AMD posts highest Q1 result ever — Strong CPU sales, but GPUs and gaming trail behind
AMD posts highest Q1 result ever — Strong CPU sales, but GPUs and gaming trail behind

AMD posts highest Q1 result ever — Strong CPU sales, but GPUs and gaming trail behind

I would help out their GPU sales if they were ever in stock.
I had luck with Microcenter last week (if you have one near you); checked their website at my preferred location and they had 9070 XTs in stock, went after work and I got one.
I have one about an hour away and no luck so far at that location.
Edit: oh damn, they are in stock today!
Edit2: it was one and now its gone :(
It's a huge gamble for manufacturers to order a large allocation of wafers a year in advance of actual retail sales. The market can shift considerably in that time. They probably didn't expect Nvidia to shit the bed so badly.
Wait, are you saying if they had more product, they could sell more product?
Sounds like voodoo economics to me!
The last time they had plenty of stock and cards people wanted to buy at the same time was the RX 200 series. They sold lots of cards, but part of the reason people wanted them was because they were priced fairly low because the cards were sold with low margins, so they didn't make a huge amount of money, helping to subsidise their CPU division when it was making a loss, but not more.
Shortly after this generation launched Litecoin ASIC mining hardware became available, so suddenly the used market was flooded with these current-generation cards, making it make little sense to buy a new one for RRP, so towards the end of the generation, the cards were sold new at a loss just to make space. That meant they needed to release the next generation cards to convince people to buy them, but as they were just a refresh generation (basically the same GPUs but clocked higher and with lower model numbers with only the top-end Fury card being new silicon) it was hard to sell 300-series cards when they cost more than equivalent 200-series ones.
That meant they had less money to develop Polaris and Vegas than they wanted, so they ended up delayed.
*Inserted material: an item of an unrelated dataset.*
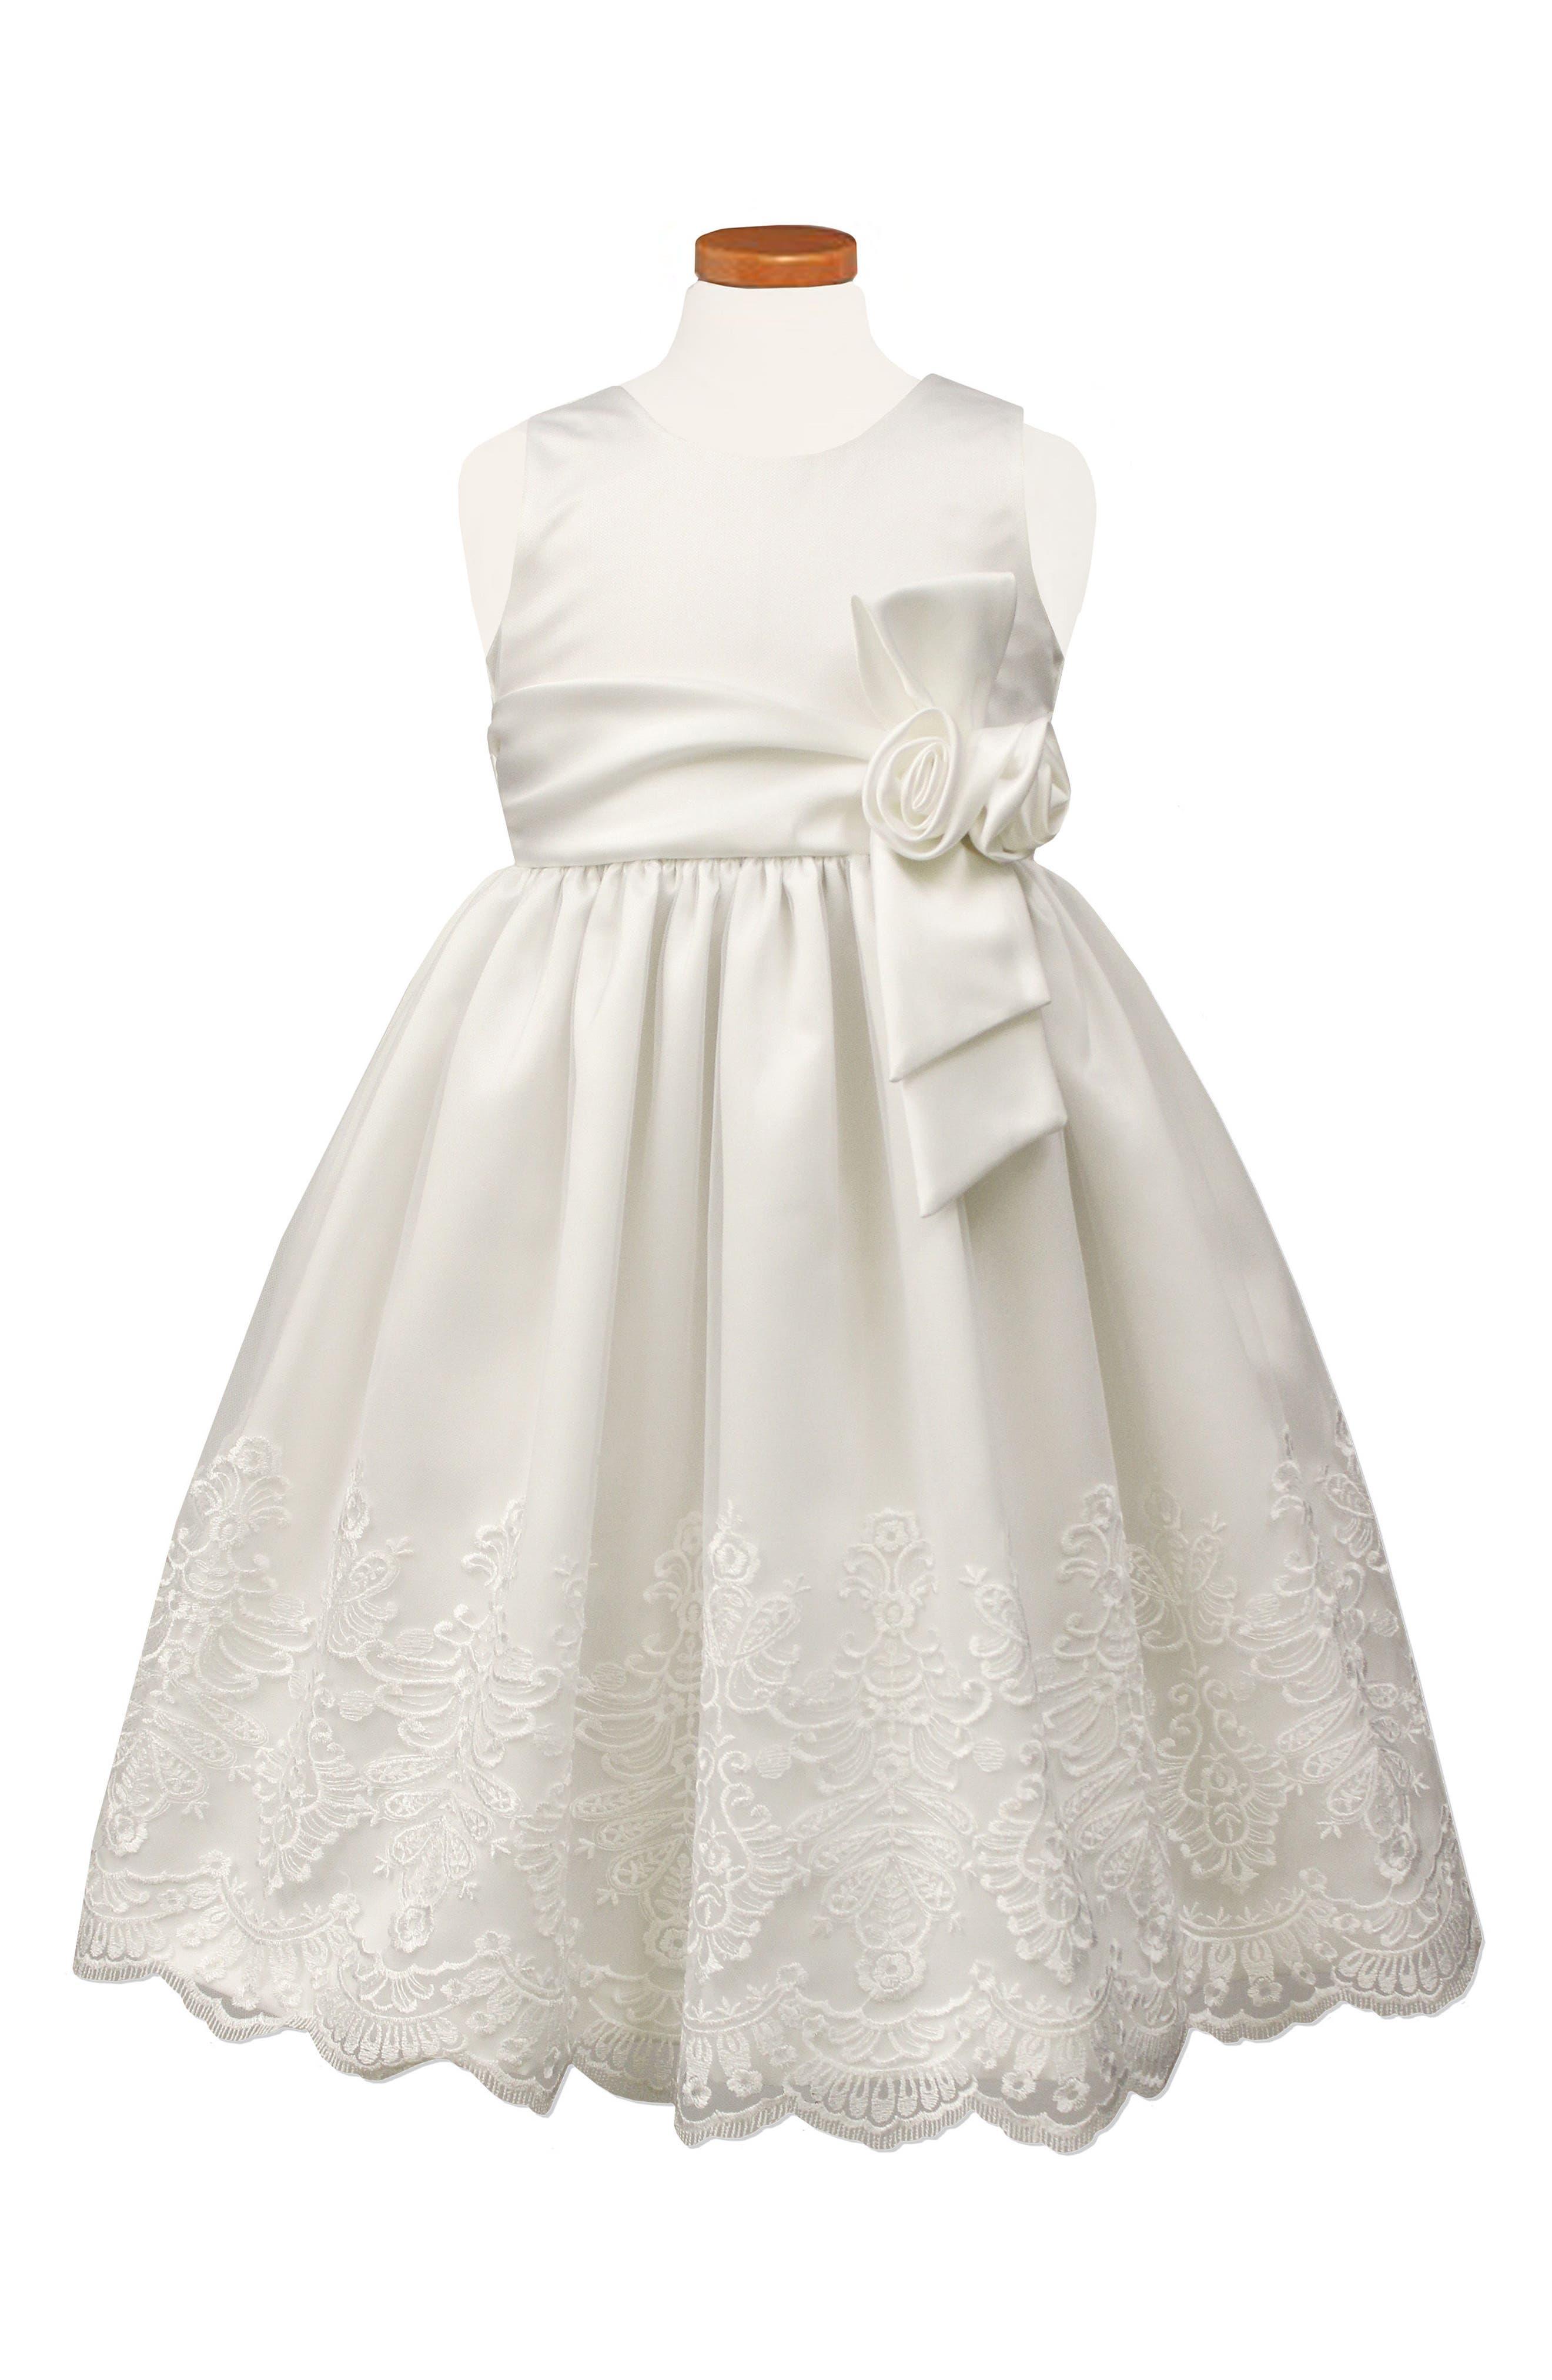 Main Image - Sorbet Embroidered Satin Dress (Toddler Girls, Little Girls & Big Girls)
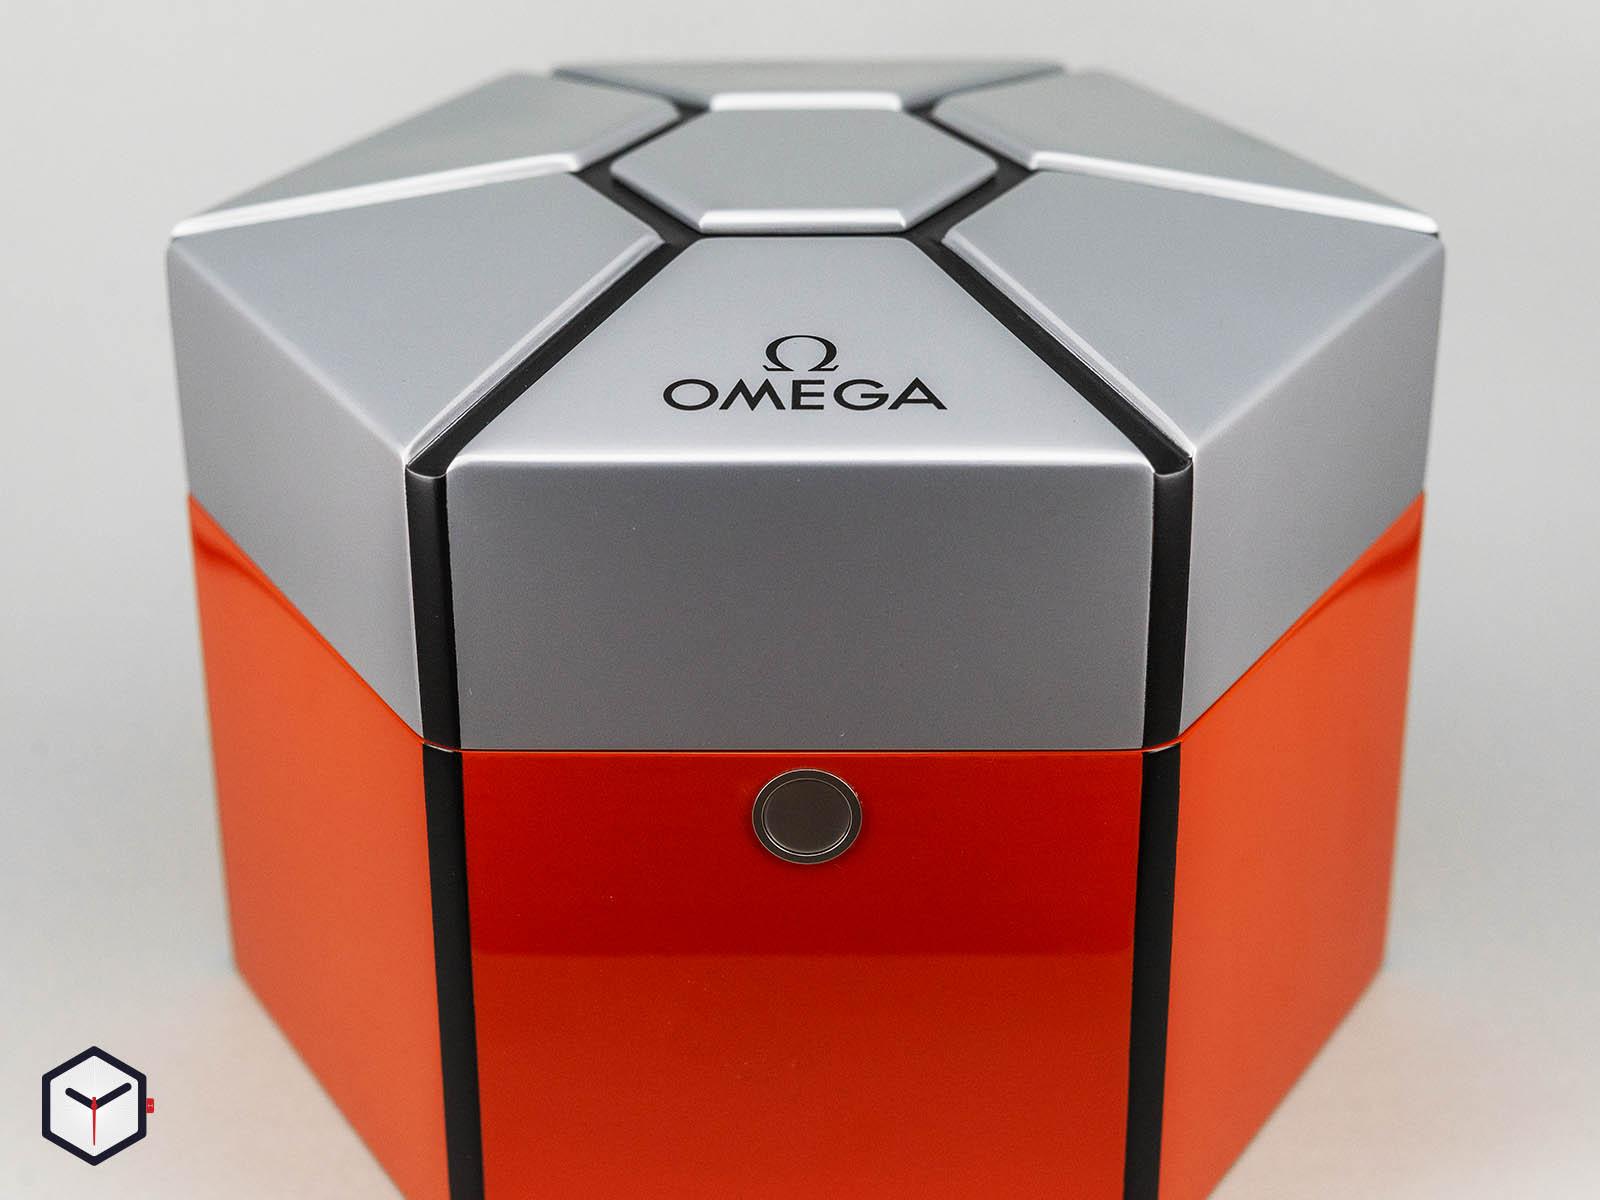 311-12-42-30-01-001-omega-speedmaster-speedy-tuesday-2018-edition-ultraman-14.jpg

Polaris sold okay, but was only available as low-margin low-end cards, so didn't make a huge amount of money. Vega ended up delayed by so long that Nvidia got an entire extra generation out, so AMD's GTX 980 competitor ended up being an ineffective GTX 1070 competitor, and had to be sold for much less than planned, so again, didn't make much money.
That problem compounded for years until Nvidia ran into their own problems recently.
It's not unreasonable to claim that AMD graphics cards being in stock at the wrong time caused them a decade of problems.